The US Supreme Court has tightened the rules on where a patent lawsuit can be filed, in a decision handed down today.
The 8-0 ruling has been described as “seismic”.
Background on the clash, TC Heartland v Kraft Foods, can be found here.
The court had been asked to answer the question of whether 28 USC, section 1400(b) is the sole and exclusive provision governing venue in patent infringement actions and is not to be supplemented by 28 USC, section 1391(c).
Section 1400(b), the patent venue statute, provides that patent infringement actions “may be brought in the judicial district where the defendant resides”.
The statute governing “venue generally”, section 1391, contains a subsection (c) that, where applicable, deems a corporate entity to reside in multiple judicial districts.
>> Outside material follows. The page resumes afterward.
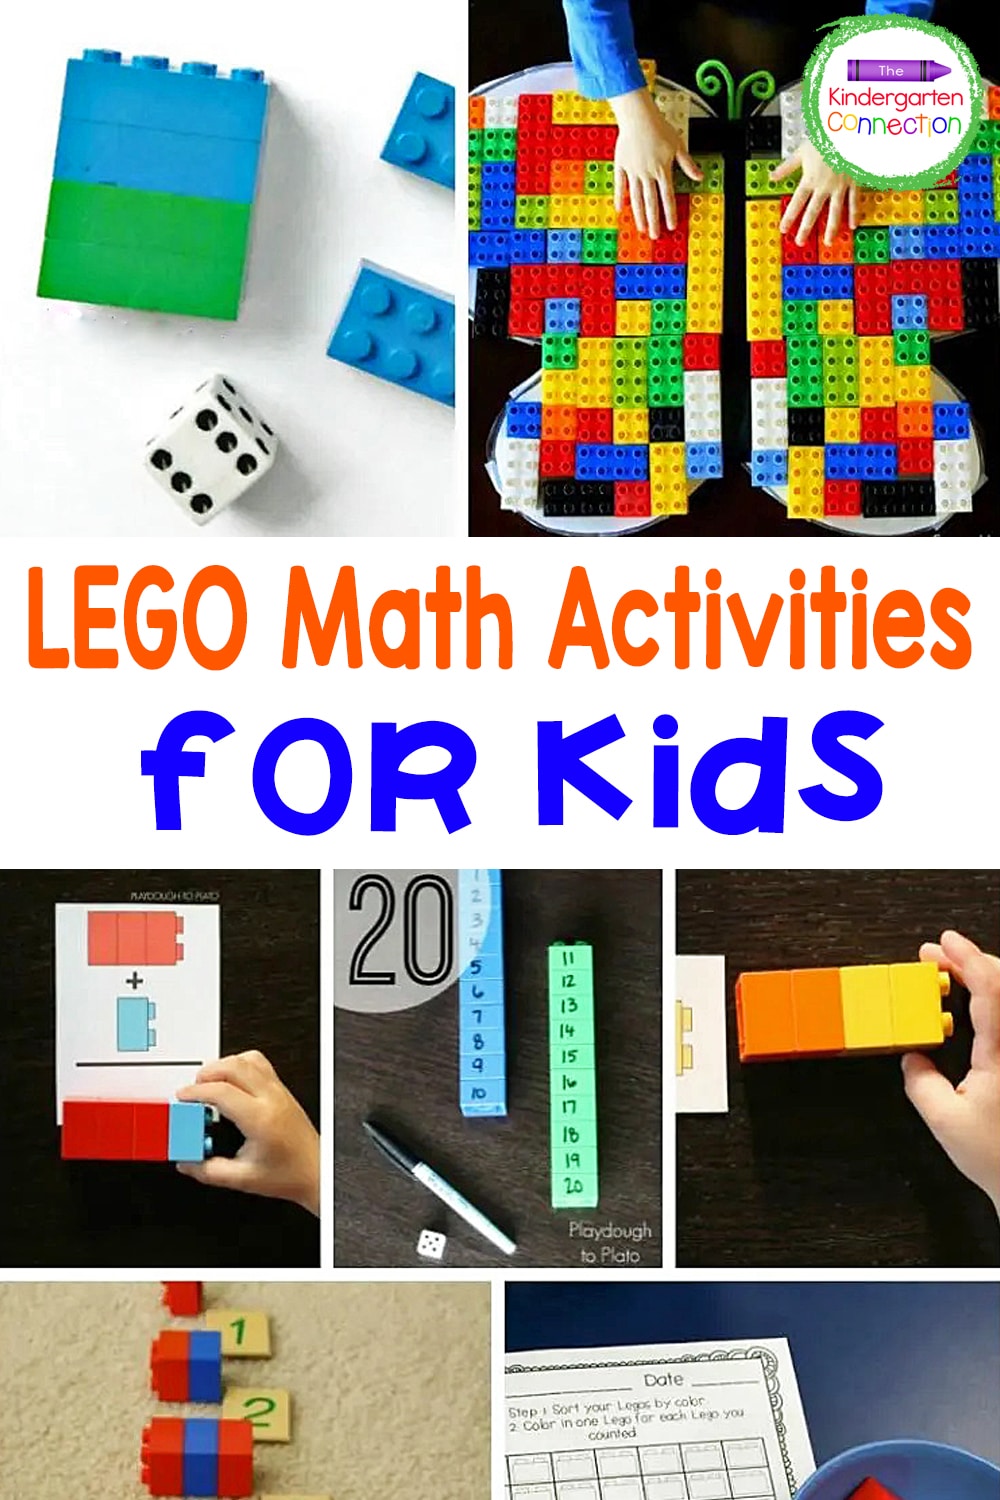 These LEGO math activities are perfect for counting, grouping, patterns, adding, subtracting, and other vital math skills for early learners!
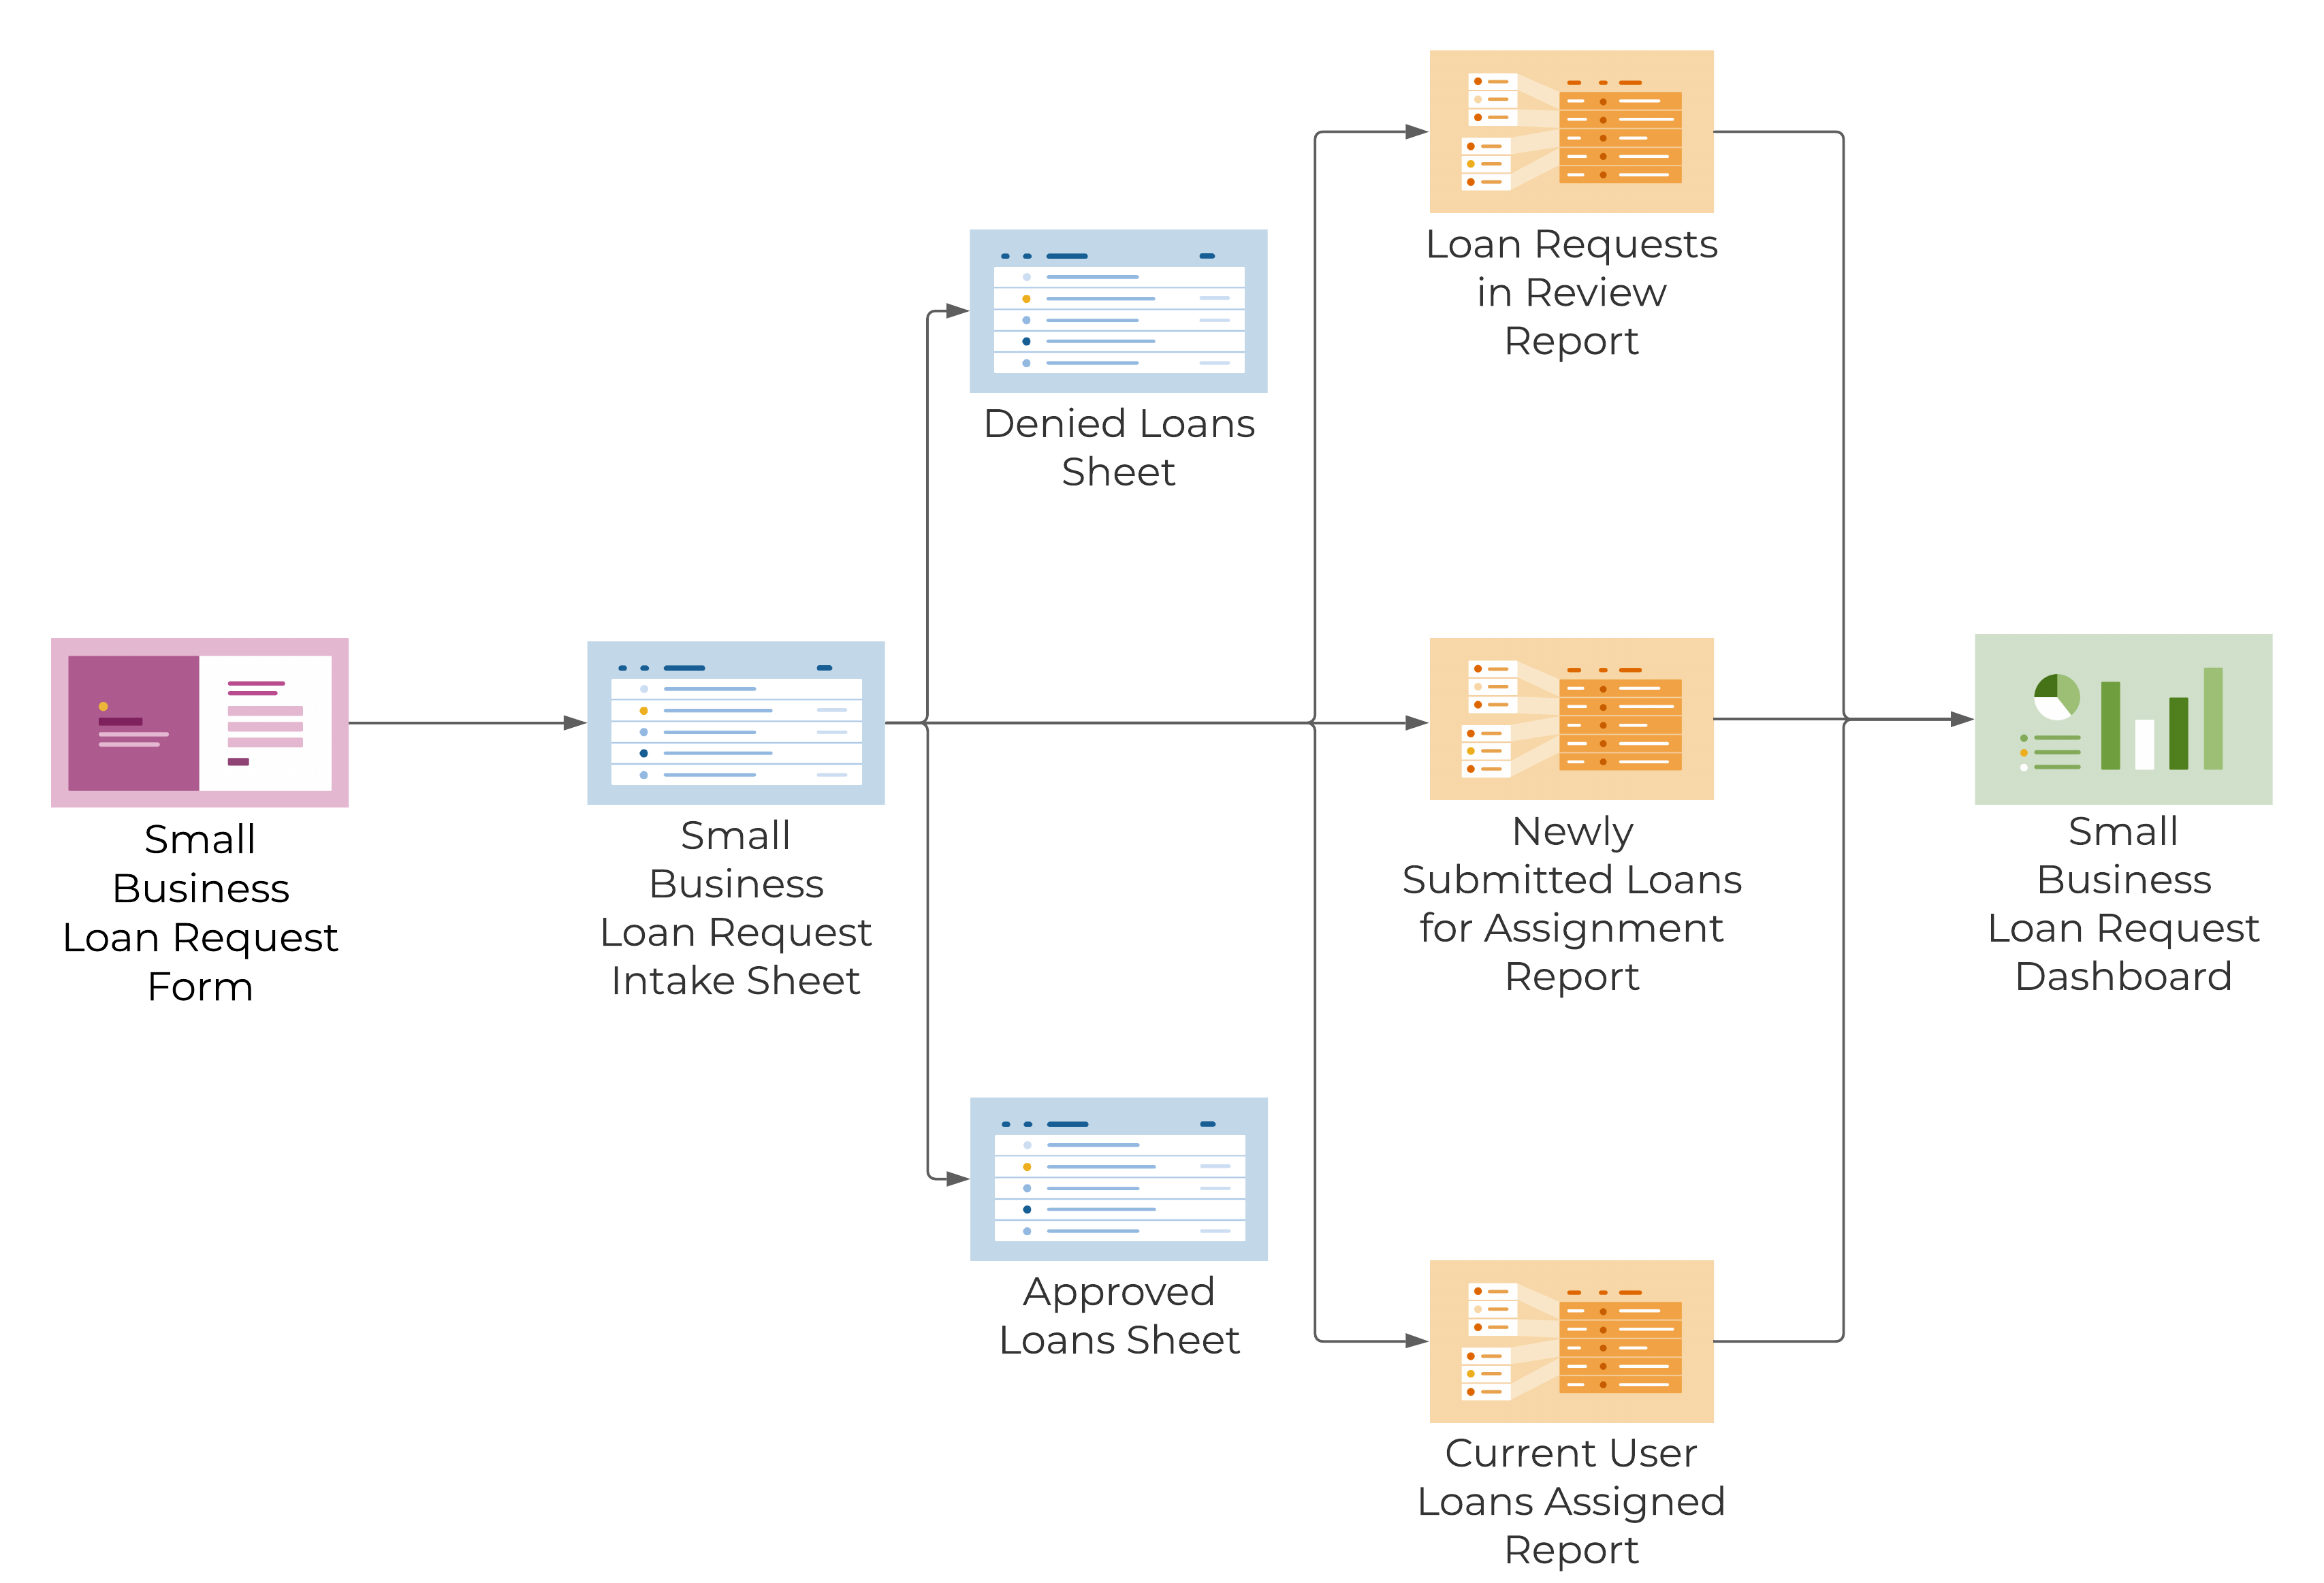 Template Set Flow Chart - Small Business Loan Requests

“The issue in this case is whether that definition supplants the definition announced in Fourco and allows a plaintiff to bring a patent infringement lawsuit against a corporation in any district in which the corporation is subject to personal jurisdiction,” said the court.
Fourco, a case decided in 1957, held that section 1400(b) is the sole and exclusive provision governing venue in patent infringement actions.
The Supreme Court concluded that the amendments to section 1391 didn’t modify the meaning of section 1400(b) as interpreted by Fourco.
“When Congress intends to effect a change of that kind, it ordinarily provides a relatively clear indication of its intent in the text of the amended provision,” said Justice Clarence Thomas, on behalf of the court.
He added that the current version of section 1391 doesn’t contain any indication that Congress intended to alter the meaning.
“We therefore hold that a domestic corporation ‘resides’ only in its state of incorporation for purposes of the patent venue statute.”
According to John O’Quinn, an IP partner at Kirkland & Ellis, this decision is “seismic”.
“Given the definition of ‘resides’ is limited to the ‘state of incorporation’, it may lead to a swell in patent cases in Delaware, and otherwise funnel cases towards defendants’ home jurisdictions,” he said.
The “swell” at Delaware is because there’s a “disproportionately large” number of US companies incorporated in the state, explained O’Quinn.
Imron Aly, an IP partner at Schiff Hardin, added that the decision was a surprise.
“Thematically, this decision goes against the recent trend in Supreme Court cases that patent law gets no special exceptions and instead rules that the patent venue statute is different and does get a special exception as compared to general venue law,” he said.